U.S. policy is to isolate Cuba and to strangle its economy, hoping that the economic pain eventually will force Castro to relinquish power. Canada has adopted a diametrically opposed strategy, seeking to promote democracy and human rights in the communist country by “constructive engagement” with Havana. Canada is one of Cuba’s top trading partners.
Although the dispute has simmered since Castro took power in 1959, matters heated up last year, when Congress passed the Helms-Burton Act, a law intended to tighten the embargo. Among other things, it allows U.S. citizens to sue foreign companies that profit from U.S. property expropriated in the early days of Castro’s rule. The law also bars top executives of companies dealing in expropriated property from entering the United States.

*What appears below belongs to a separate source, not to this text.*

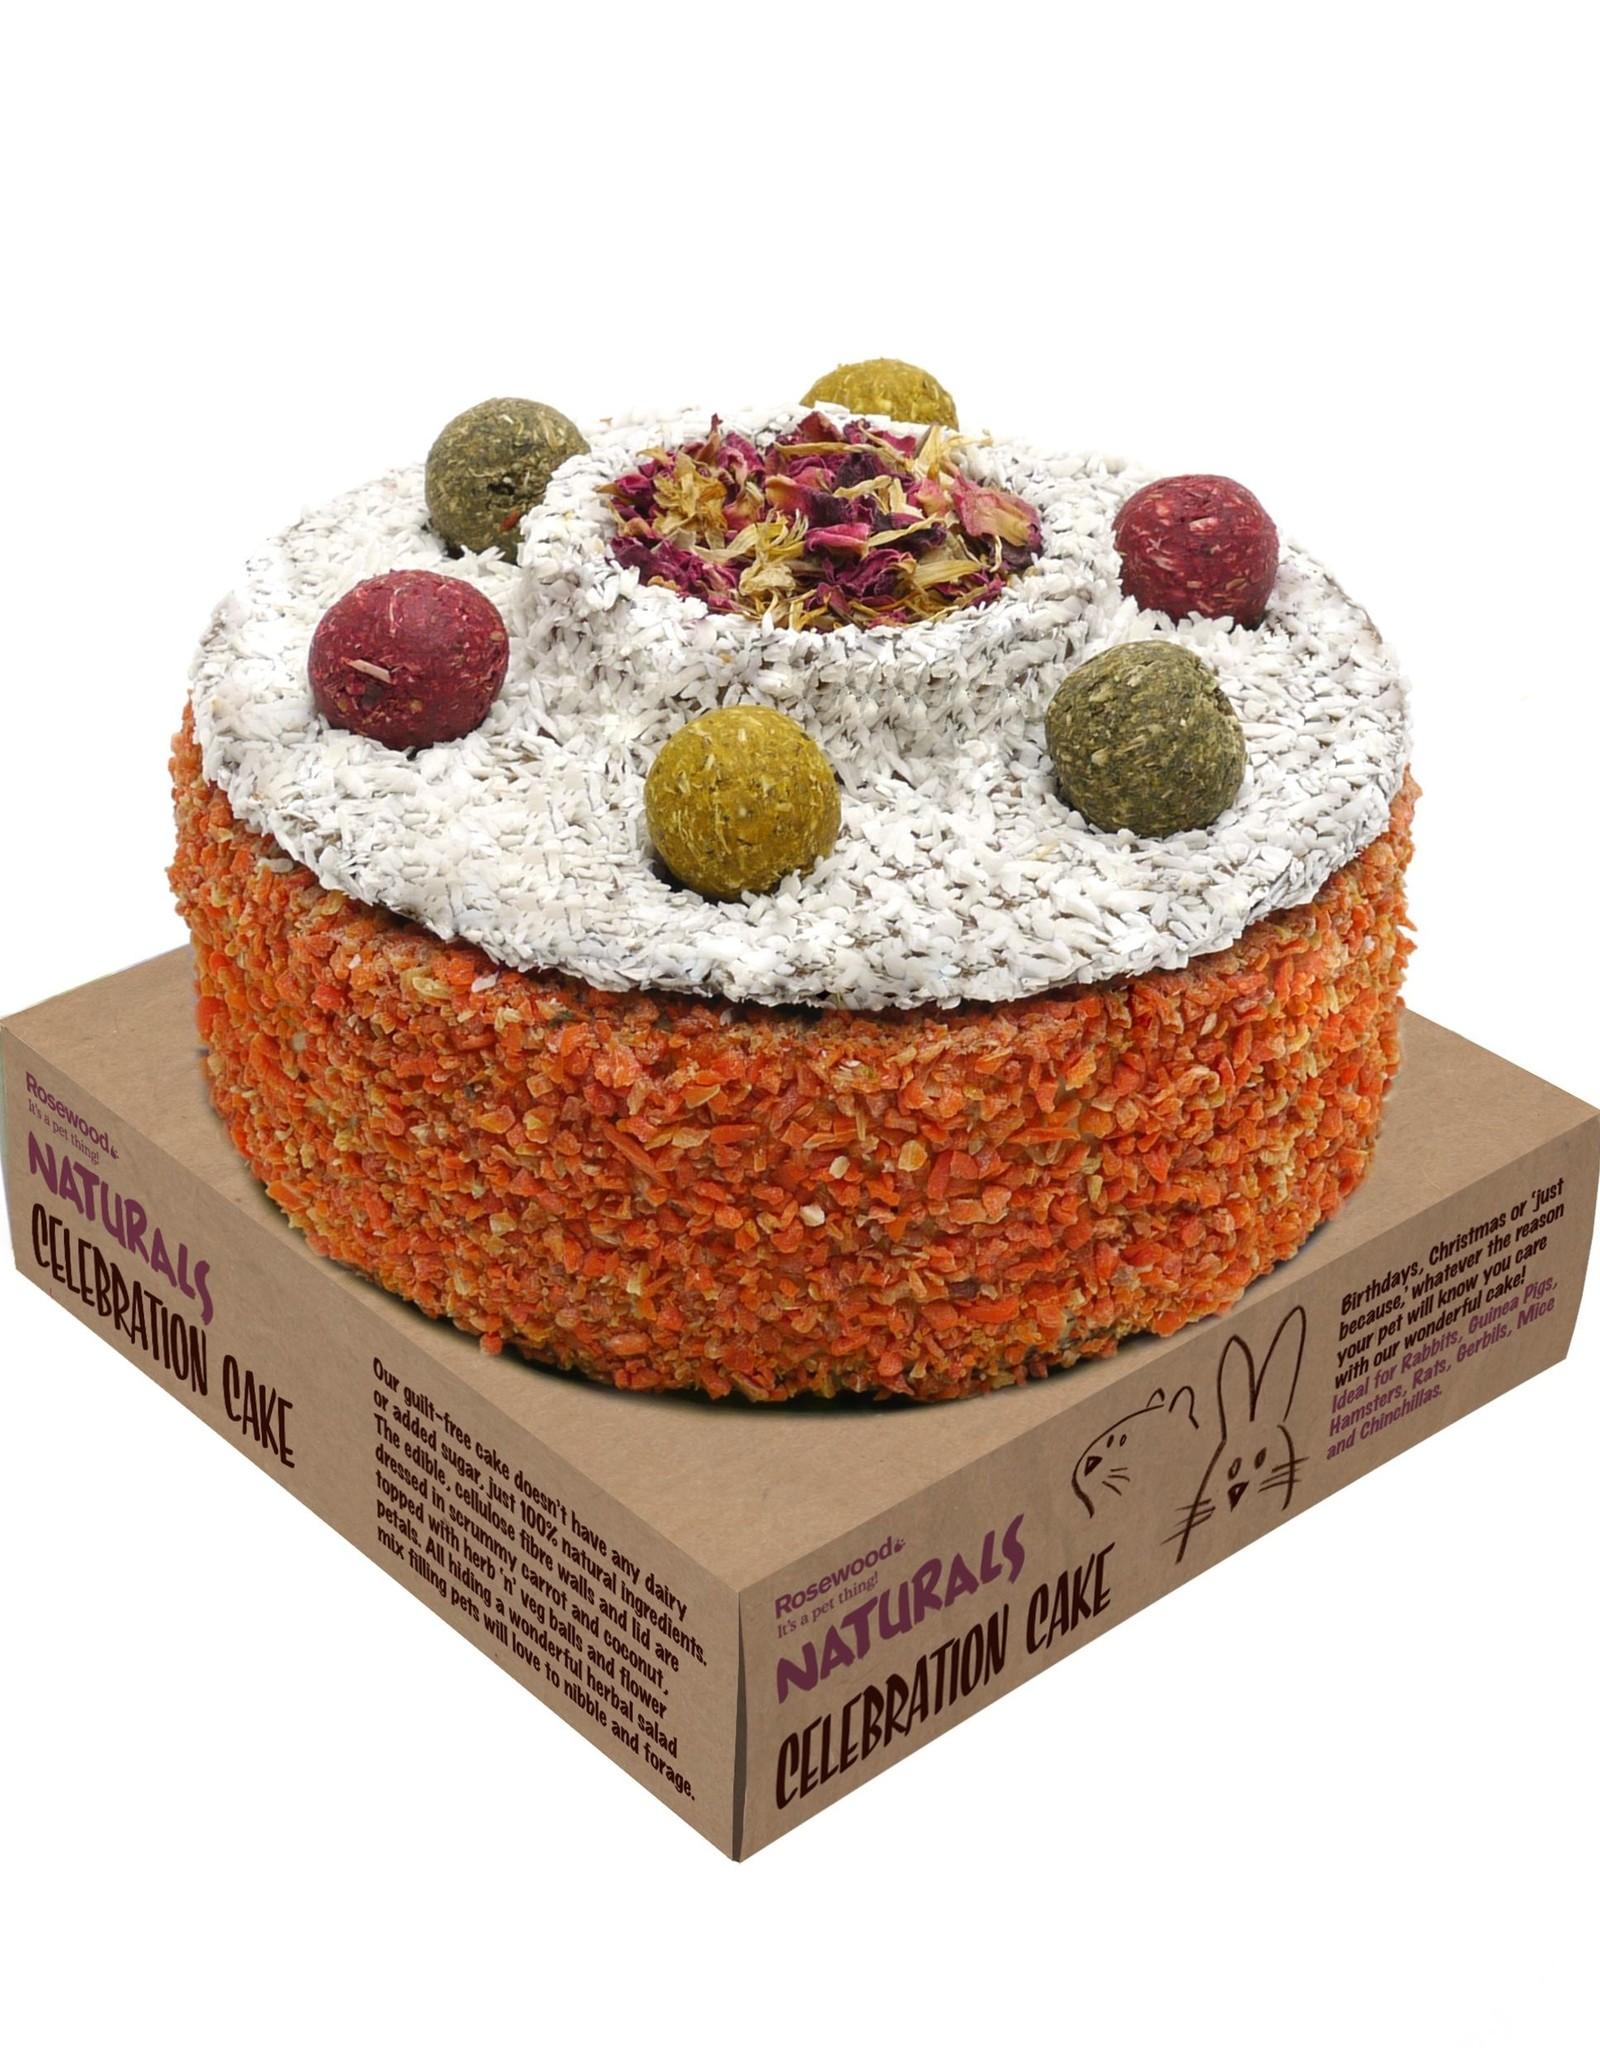 Rosewood Naturals: Celebration Cake

In retaliation, the Canadian Parliament voted to punish Canadian firms that comply with the Helms-Burton Act.
Last month, cotton pajamas bearing Cuba’s Puritan brand label were discovered on the shelves of a Wal-Mart store in Winnipeg. Since then, the Bentonville, Ark.-based retailer has tried to comply with both the U.S. and Canadian laws, only to find that it is impossible to do so.
At first, Wal-Mart pulled the 80,000-pair inventory from its shelves across Canada. That seemed to satisfy U.S. officials. Then, faced with the Canadian statute, Wal-Mart decided this week to resume selling the pajamas.
Burns insisted that the possible U.S. action against Wal-Mart is based on a “Kennedy-era” embargo law, not on the more recent Helms-Burton law. That might allow Wal-Mart to drop the product, since the Canadian law applies only to Helms-Burton.
In a related development, the administration announced that four members of the board of directors of the Canadian firm, Sherritt International Corp., will be denied visas to enter the United States because the company operates a nickel mine in Cuba that was expropriated from a U.S. corporation. Seven other Sherritt officials were banned last year.
Burns conceded that the ban on visits to the United States was “one of the more controversial aspects of the Helms-Burton law.” But he added: “It is the law of the land.”
Burns declined to identify the executives. The ban also applies to members of the immediate families of the corporate executives.